Increasing Retention in ESL Programs

Retaining Adult ESL Learners in Class

Image courtesy of nuchylee at FreeDigitalPhotos.net
Image courtesy of nuchylee at FreeDigitalPhotos.net

One challenge many ESL instructors face is retaining students in their classes. Throughout the semester, you may see your class size dwindle as students attend class irregularly, or disappear altogether. Some factors for this are beyond the instructor’s control; changing work schedules, family responsibilities, and transportation issues are some of the issues that can affect students’ attendance and ability to continue the course. Other barriers to success are more internal. Low self-esteem and embarrassment from the possibility of making mistakes can prevent students from participating in class and improving their oral language skills. Frustration at the slow progress of acquiring language skills may discourage students from continuing with the course. Also, some students may not feel supported by their instructors, peers, or even their families in their pursuit of English education.

However, there are steps instructors can take to help students combat each of these obstacles and persevere in their studies. Following are some common barriers to regular class attendance, and some strategies for encouraging students to continue with their studies, thereby increasing class retention.

Students feel uncomfortable and unsupported in the classroom.

Create a welcoming environment in your classroom. Make time to speak to each of your students individually at the beginning of the semester and get to know them. Make yourself available shortly before or after class to answer questions and arrange times to meet with any students who need extra guidance. Also, have students get to know each other by learning everyone’s names and assigning group activities during class to give them opportunities to work together.

To alleviate any anxiety students may feel at the prospect of making mistakes in front of the class, reassure them that failure is normal and a part of the learning experience that will lead them to success. Share your own mistakes and failures in learning a second language, and how you learned from them and improved your language skills. Recognize and praise students’ efforts to participate in class whether their answers are right or wrong.

Students feel frustrated and discouraged that their progress is slower than they anticipated.

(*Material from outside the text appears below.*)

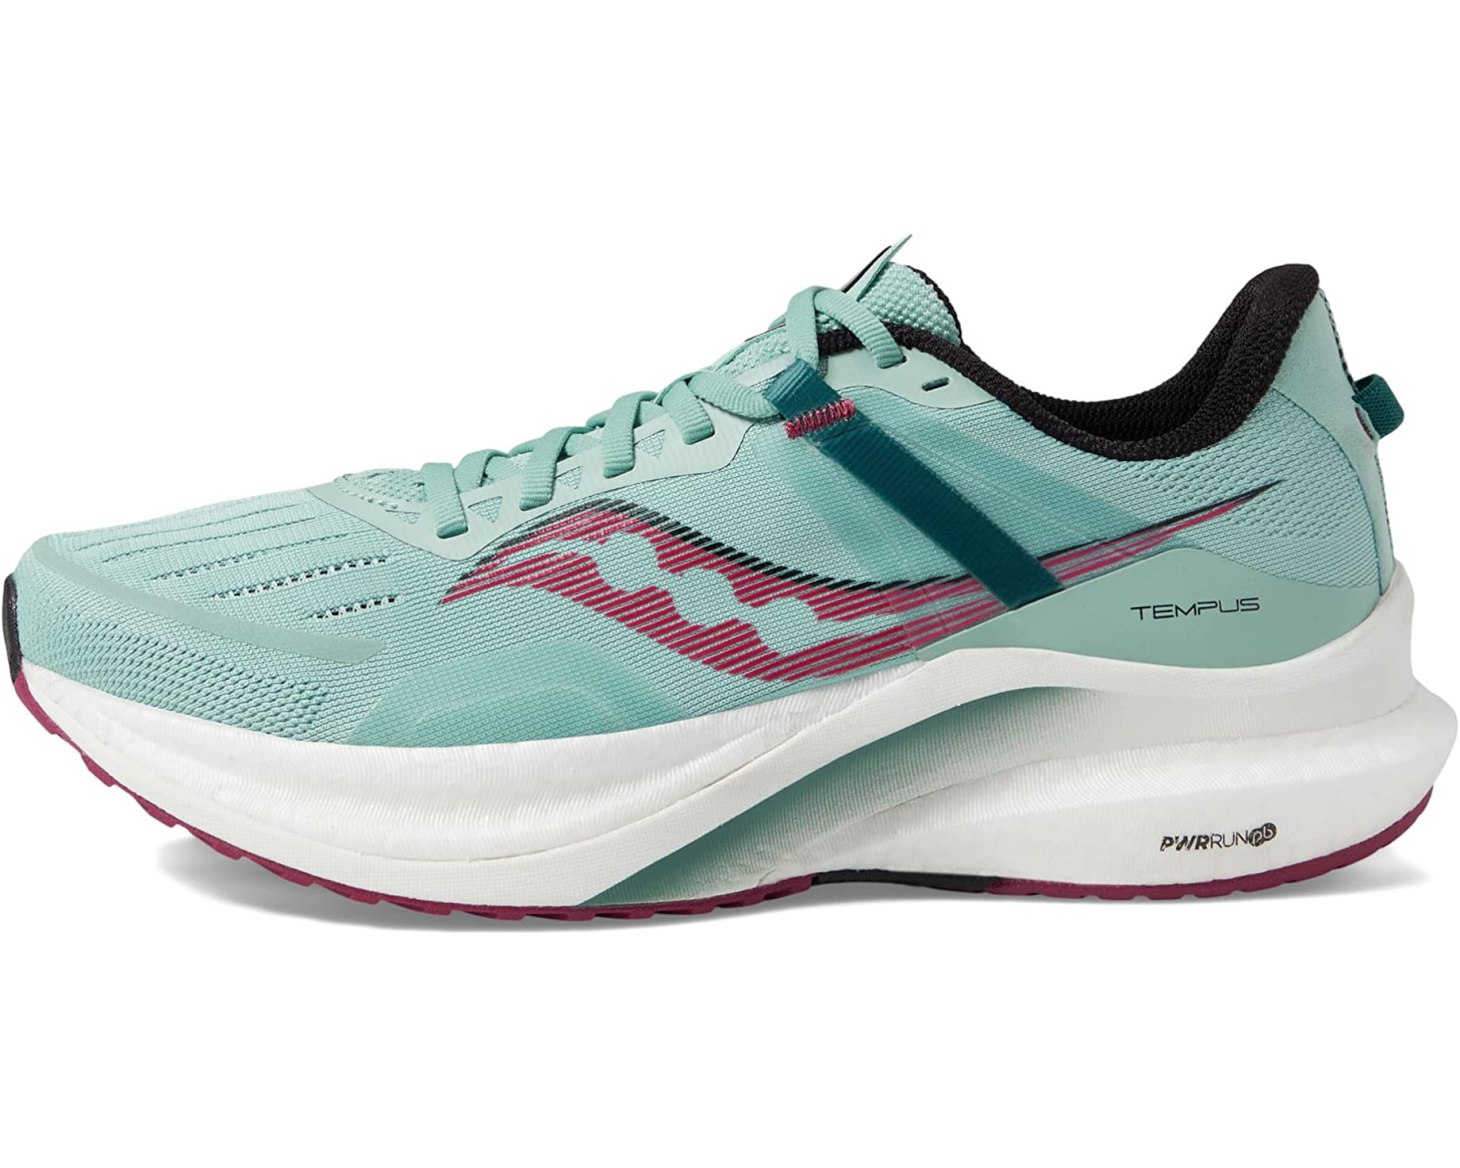 Saucony Tempus, one of the best sneakers for knee pain

Learning a second language is hard work and takes a long time, and the difference between a student’s expectation of how long it will take them to learn English and the reality of how long it can really take, especially when juggled with all of their other responsibilities, can lead to frustration. To give students a barometer by which to measure their success, work with students to establish realistic goals and timelines to accomplish them throughout the semester. Goals can include ordering a meal, making a doctor’s appointment, or asking for directions and understanding the responses. Then meet with them regularly to discuss their progress. You may even create competency checklists at the beginning of the semester so students have a tangible source by which to measure their progress.

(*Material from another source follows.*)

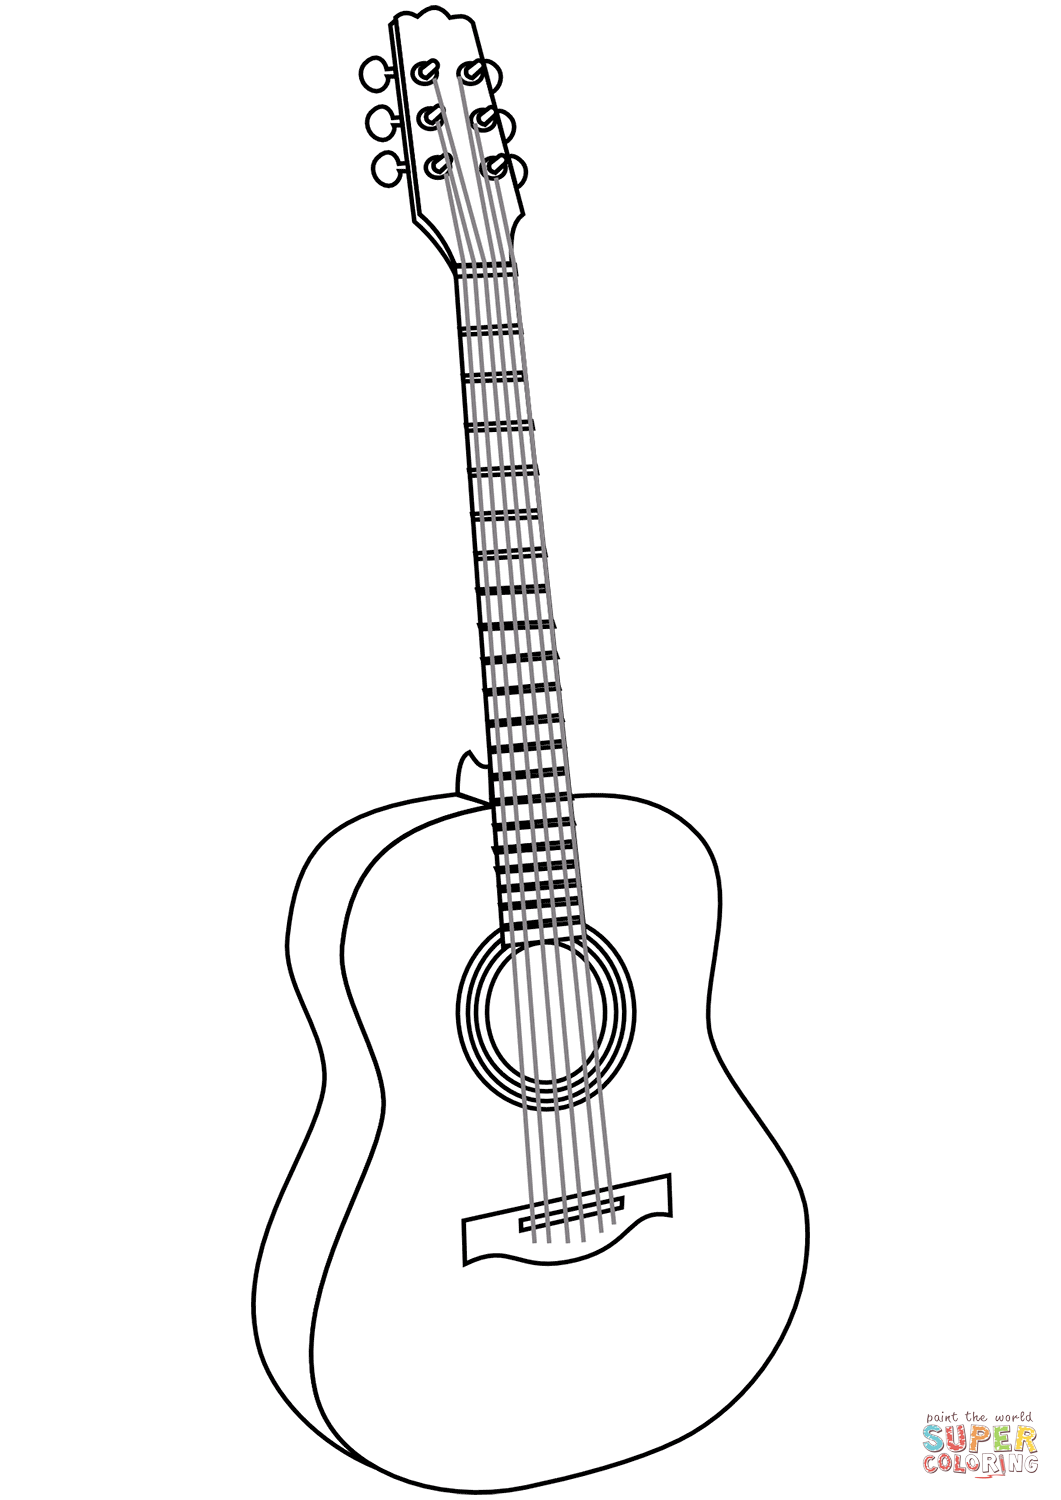 Guitar coloring page free printable coloring pages guitar drawing coloring pages music drawings

Personal responsibilities interfere with the student’s ability to attend class.

Many adult students balance their studies with jobs and families, and some often miss class to attend to these responsibilities, leading to irregular attendance or dropping out altogether. Financial issues are another factor that can interfere with a student’s ability to attend class. To find out what the barrier may be, contact the student about their attendance, then depending on the issue, lead them to resources and organizations that can help with their needs, like for employment, transportation, childcare, or tuition. If the issue has more to do with scheduling, let them know that there are other sections of the course and they can switch to another class at a time that is better for them. Some students drop out of the program because they think that once they have stopped attending a course, they can no longer return. Let them know that they will always be welcome to return to the program at a later date.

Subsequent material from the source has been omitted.